The Atlas3D project - VII. A new look at the morphology of nearby galaxies: the kinematic morphology-density relation

TL;DR

This study revises galaxy morphology classification by analyzing the kinematic properties of early-type galaxies, revealing environmental influences on galaxy evolution and proposing a new morphology-density relation based on kinematics.

Contribution

It introduces a kinematic morphology-density relation for early-type galaxies, replacing traditional classifications, and highlights environmental effects on galaxy evolution.

Findings

Fast rotators are often barred lenticulars with disky isophotes.

Slow rotators are rounder, spheroidal, and rare in low-density environments.
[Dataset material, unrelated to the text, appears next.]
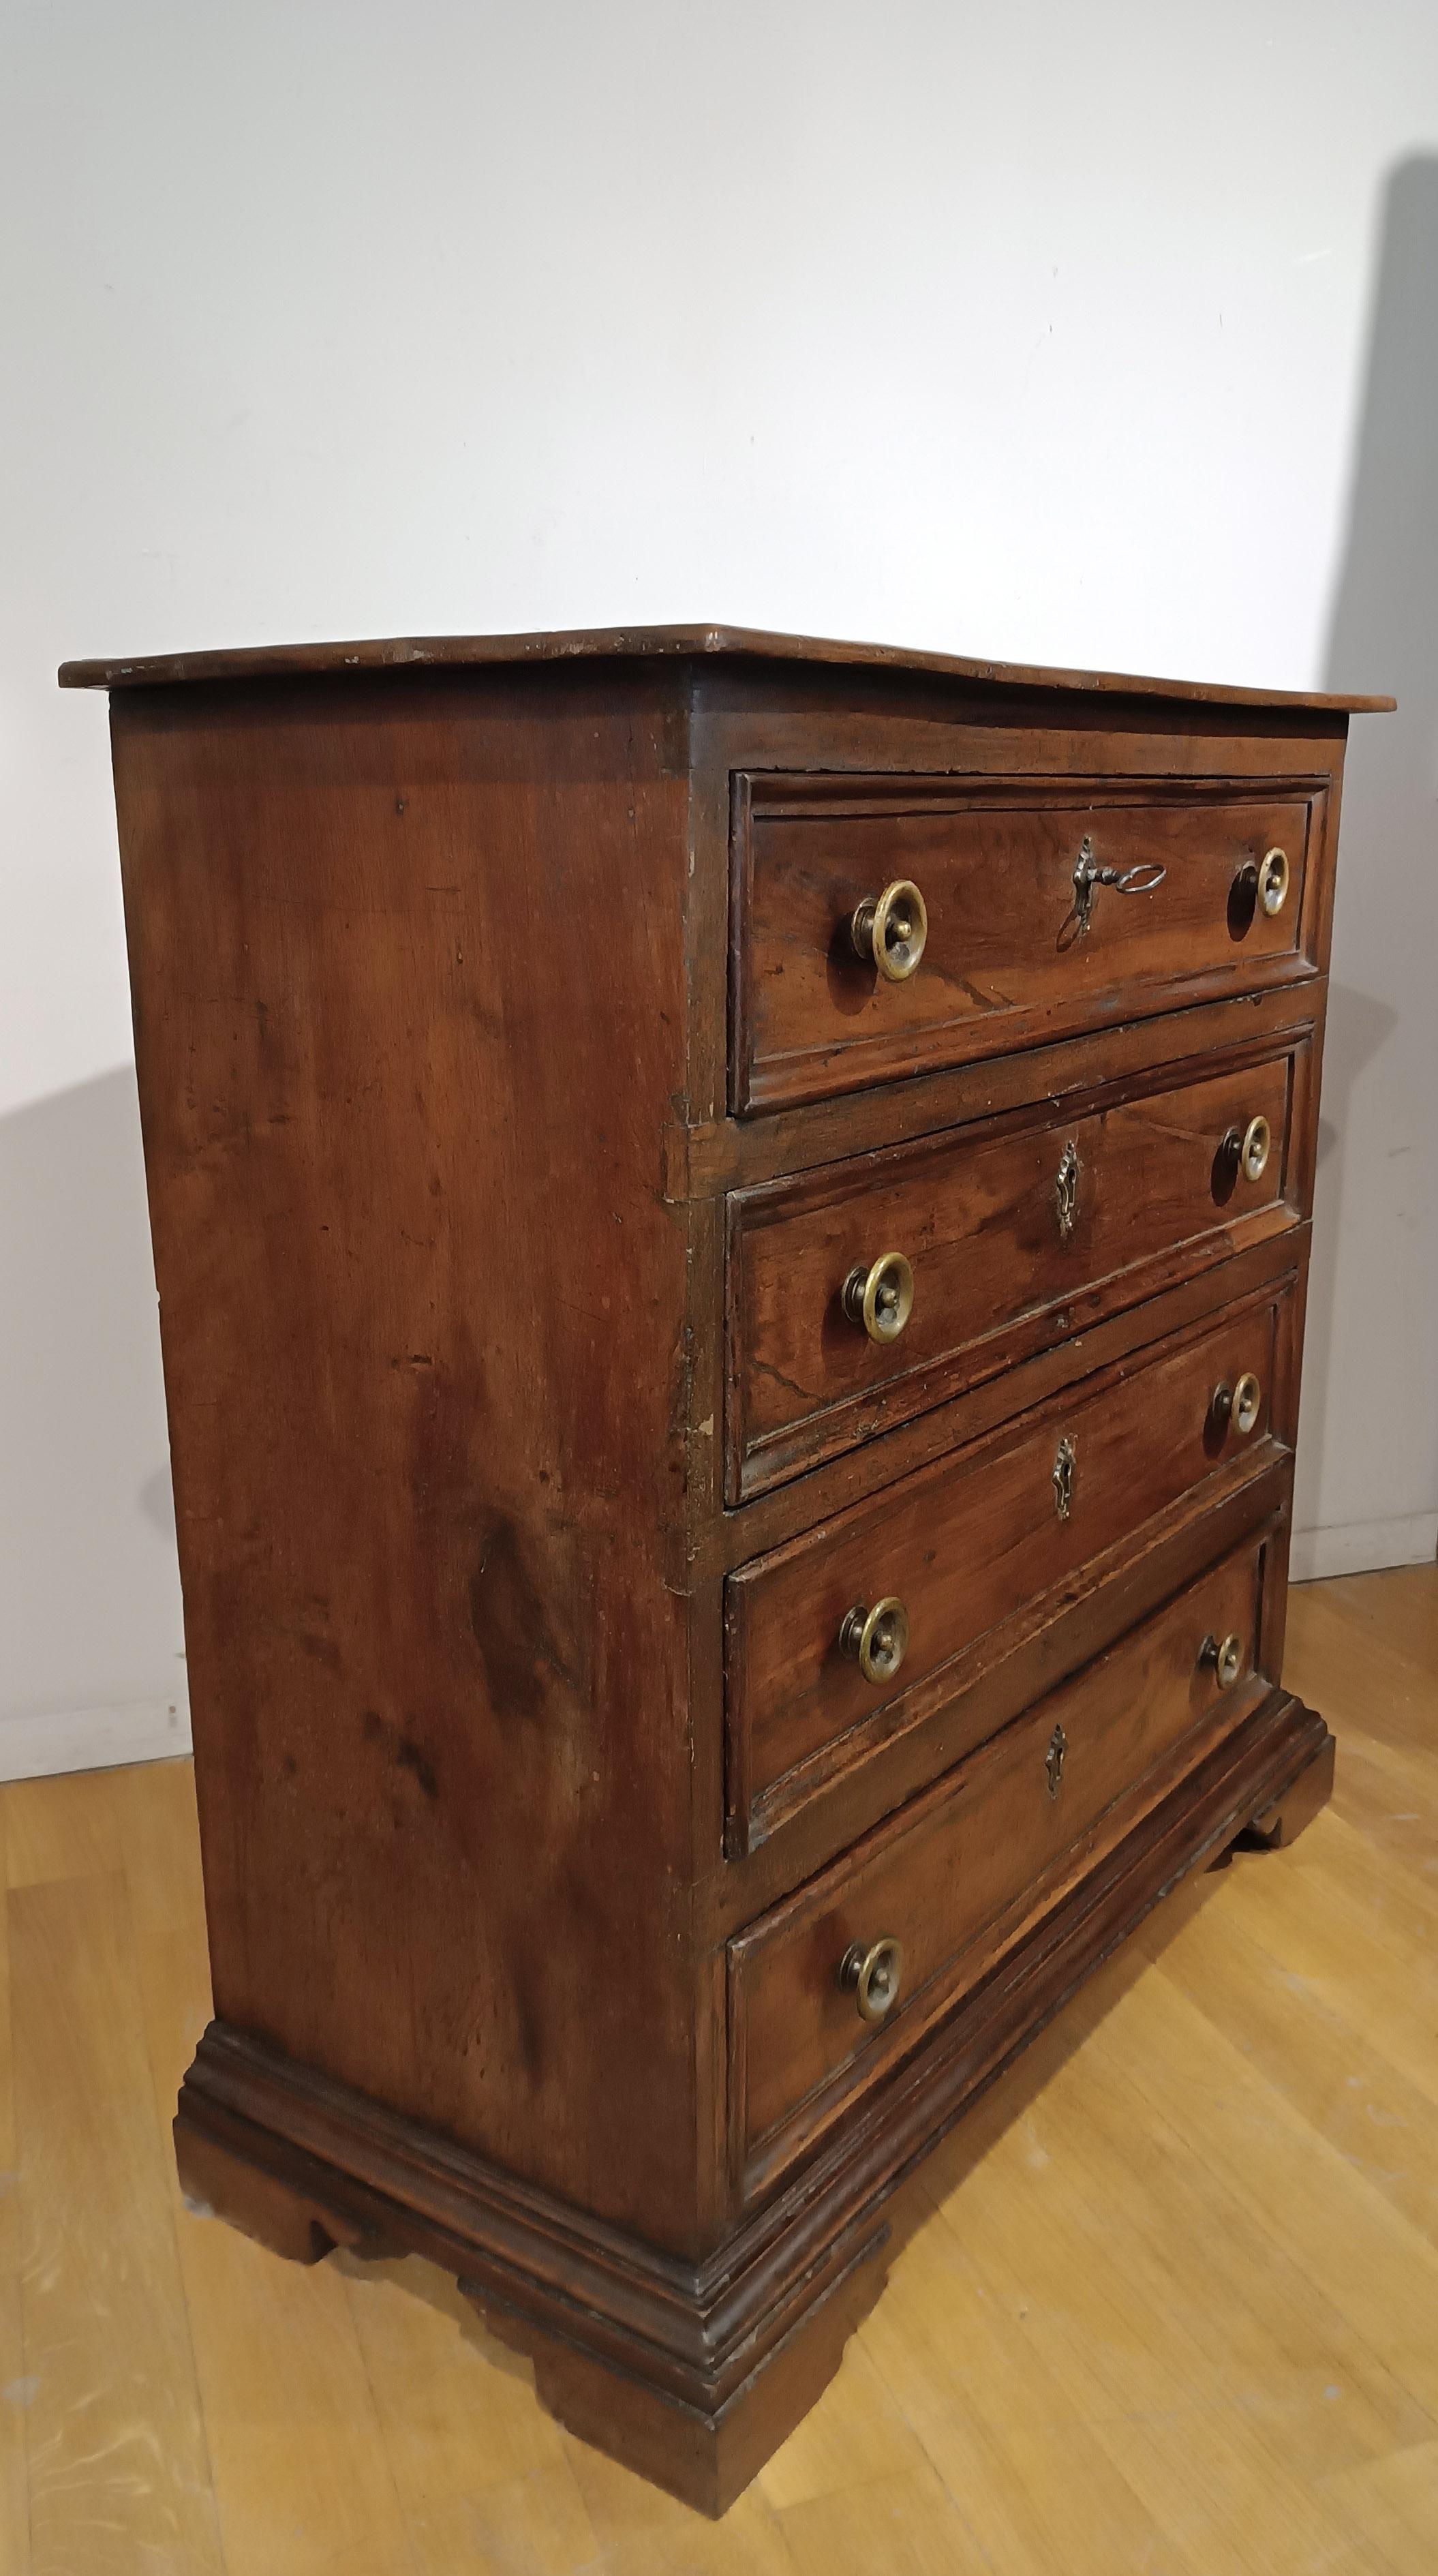 Italian 17th CENTURY CHEST OF DRAWERS IN SOLID AND VENEREED WALNUT For Sale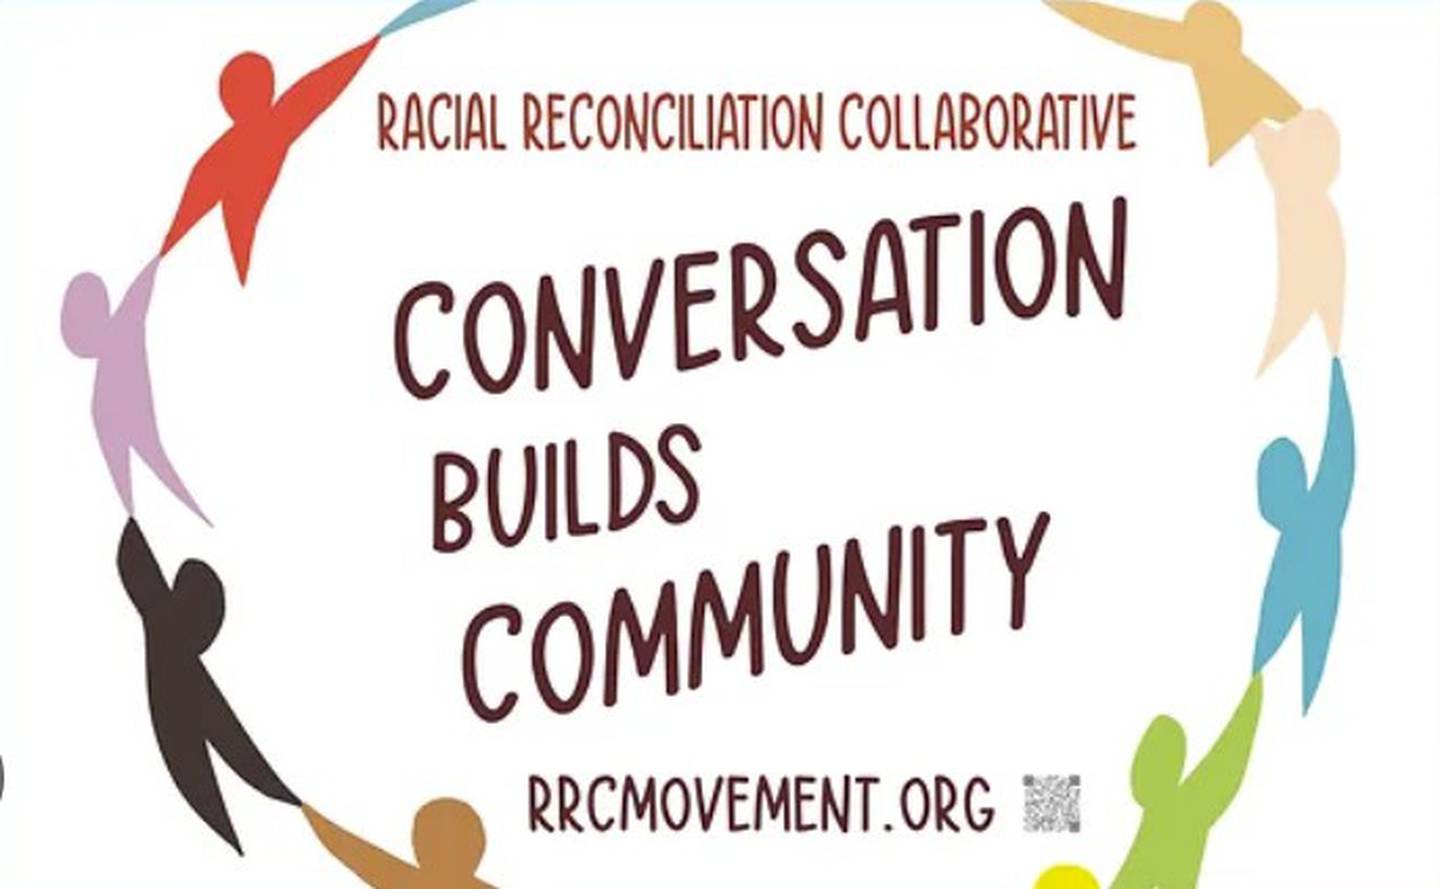 The Racial Reconciliation Collaborative was formed by two churches in Annapolis, one white and one Black.

A smooth log-linear relation exists between spiral fraction and local density.

Abstract

We look at the morphology of fast and slow rotator early-type galaxies. Edge-on fast rotators are lenticular galaxies. They appear like spiral galaxies with the gas and dust removed, and in some cases are flat ellipticals with disky isophotes. Fast rotators are often barred and span the same full range of bulge fractions as spiral galaxies. The slow rotators are rounder and are generally consistent with being genuine, namely spheroidal-like, elliptical galaxies. We propose a revision to the tuning-fork diagram by Hubble as it gives a misleading description of ETGs. We study for the first time the kinematic morphology-density T-Sigma relation using fast and slow rotators to replace lenticulars and ellipticals. We find that our relation is cleaner than using classic morphology. Slow rotators are nearly absent at the lowest density environments [f(SR)<2%] and generally constitute a small fraction [f(SR)~4%] of the total galaxy population in the environments explored by our survey, with the exception of the densest core of the Virgo cluster [f(SR)~20%]. We find a clean log-linear relation between the fraction f(Sp) of spiral galaxies and the local galaxy surface density. The existence of a smooth kinematic T-Sigma relation in the field excludes processes related to the cluster environment as main contributors to the apparent conversion of spirals into fast-rotators in low-density environments. It shows that the segregation is driven by local effects at the small-group scale. Only at the largest densities in the Virgo core does the f(Sp) relation break down and steepens sharply, while the fraction of slow-rotators starts to significantly increase. This suggests that a different mechanism is at work there. (Abridged)